◆ **YOUR OBJECTIVE**
Your answer must be a word-for-word copy of the listing below, minus its pictures.

◆ **STORED DATA**
——

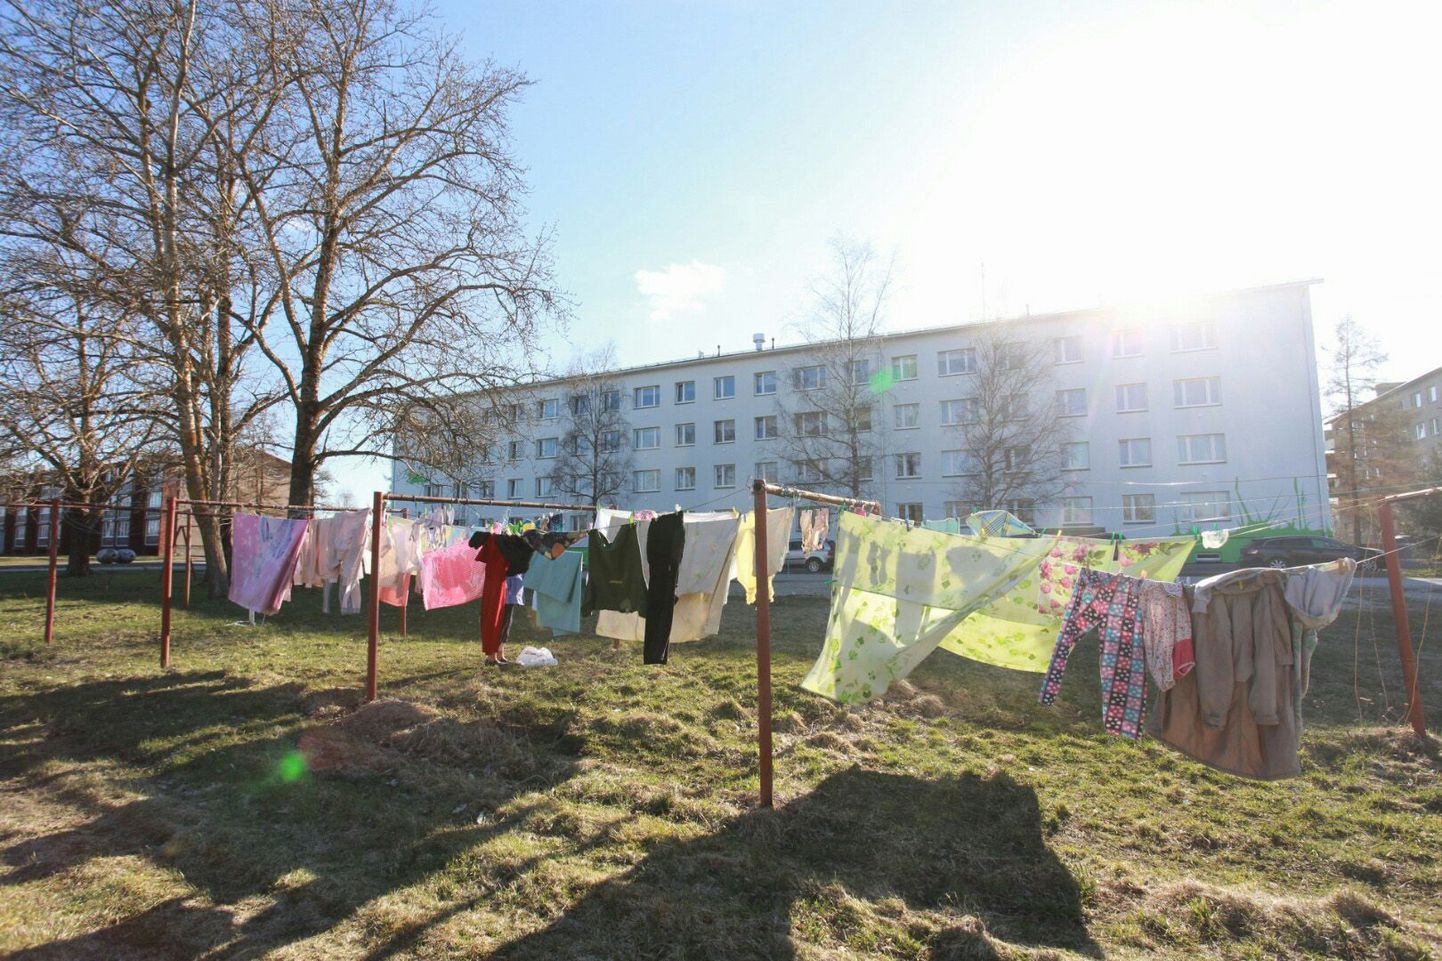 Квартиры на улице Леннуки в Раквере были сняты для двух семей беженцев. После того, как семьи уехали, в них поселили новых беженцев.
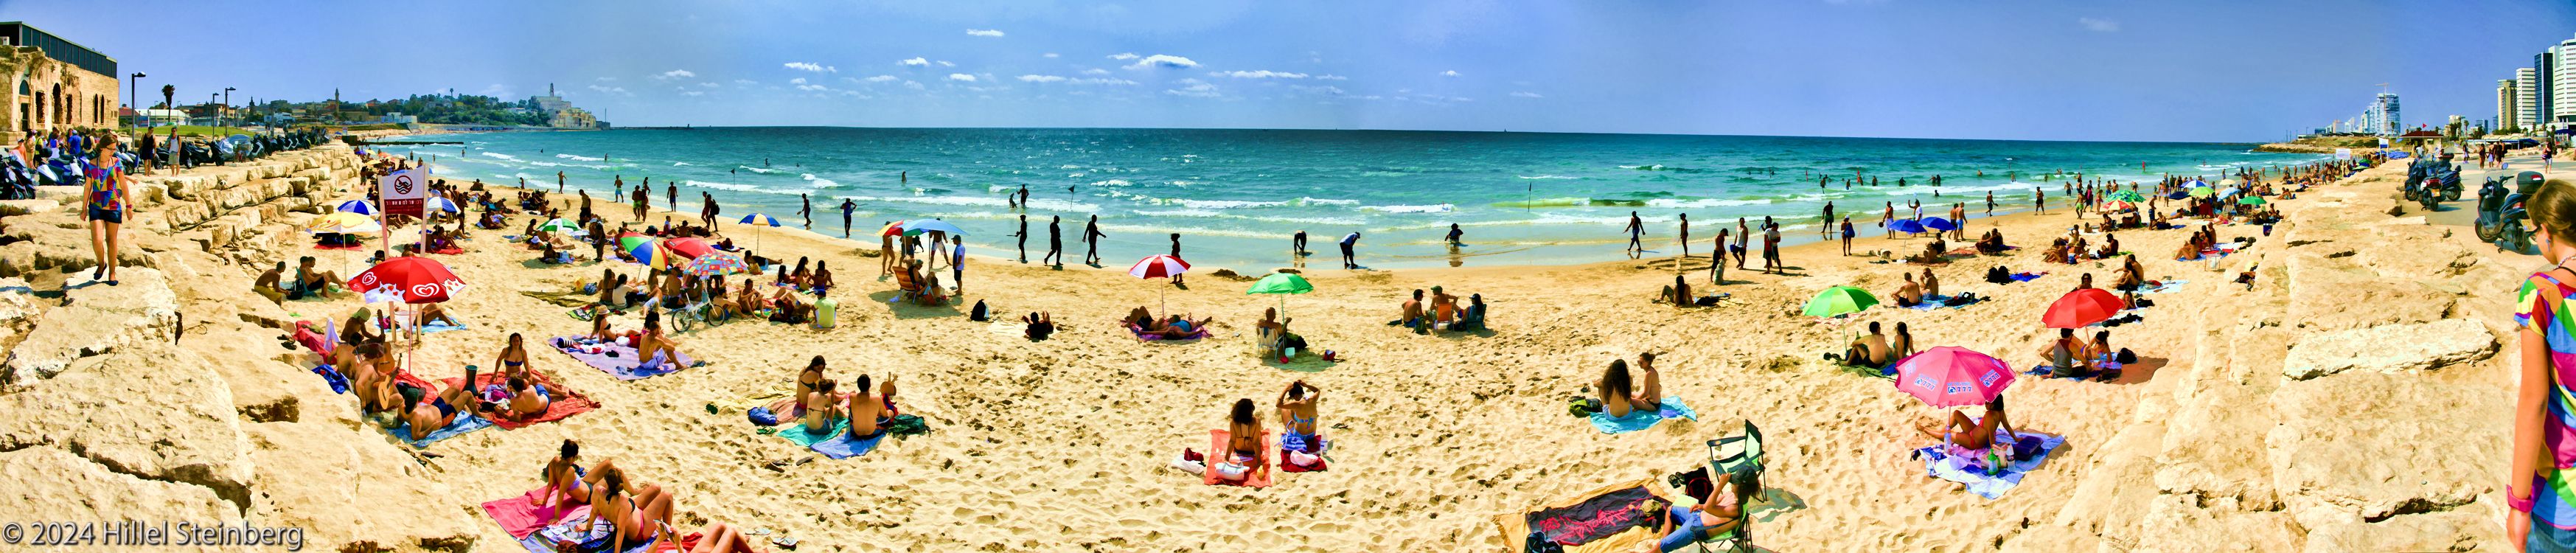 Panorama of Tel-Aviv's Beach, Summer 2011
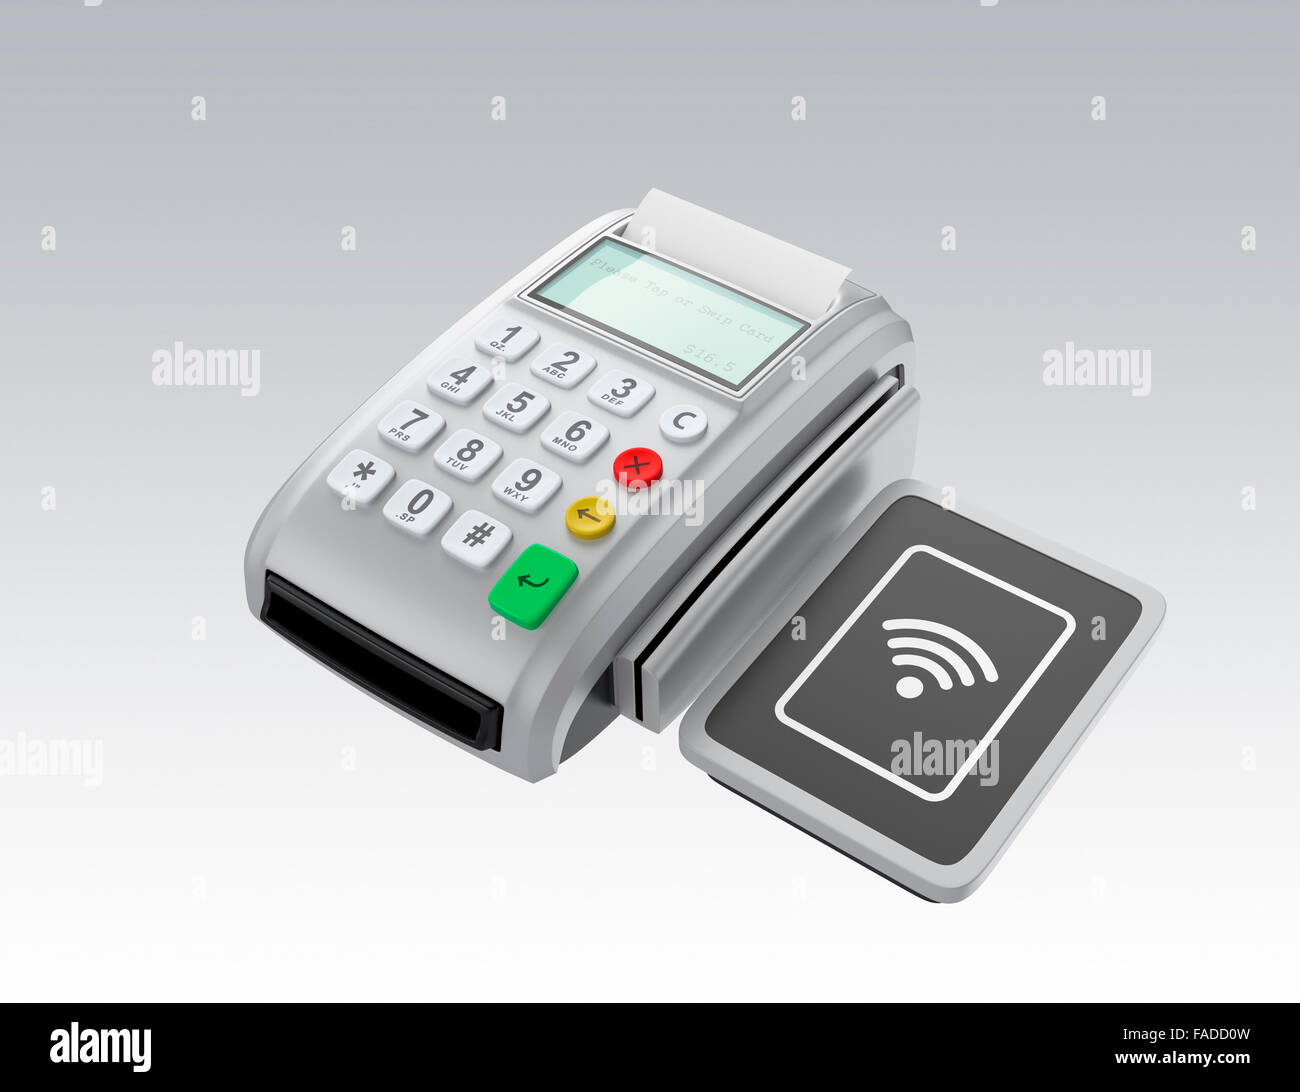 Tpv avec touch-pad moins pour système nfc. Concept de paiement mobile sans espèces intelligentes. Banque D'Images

——

◆ **RESPONSE AREA**
 Квартиры на улице Леннуки в Раквере были сняты для двух семей беженцев. После того, как семьи уехали, в них поселили новых беженцев.
 Panorama of Tel-Aviv's Beach, Summer 2011
 Tpv avec touch-pad moins pour système nfc. Concept de paiement mobile sans espèces intelligentes. Banque D'Images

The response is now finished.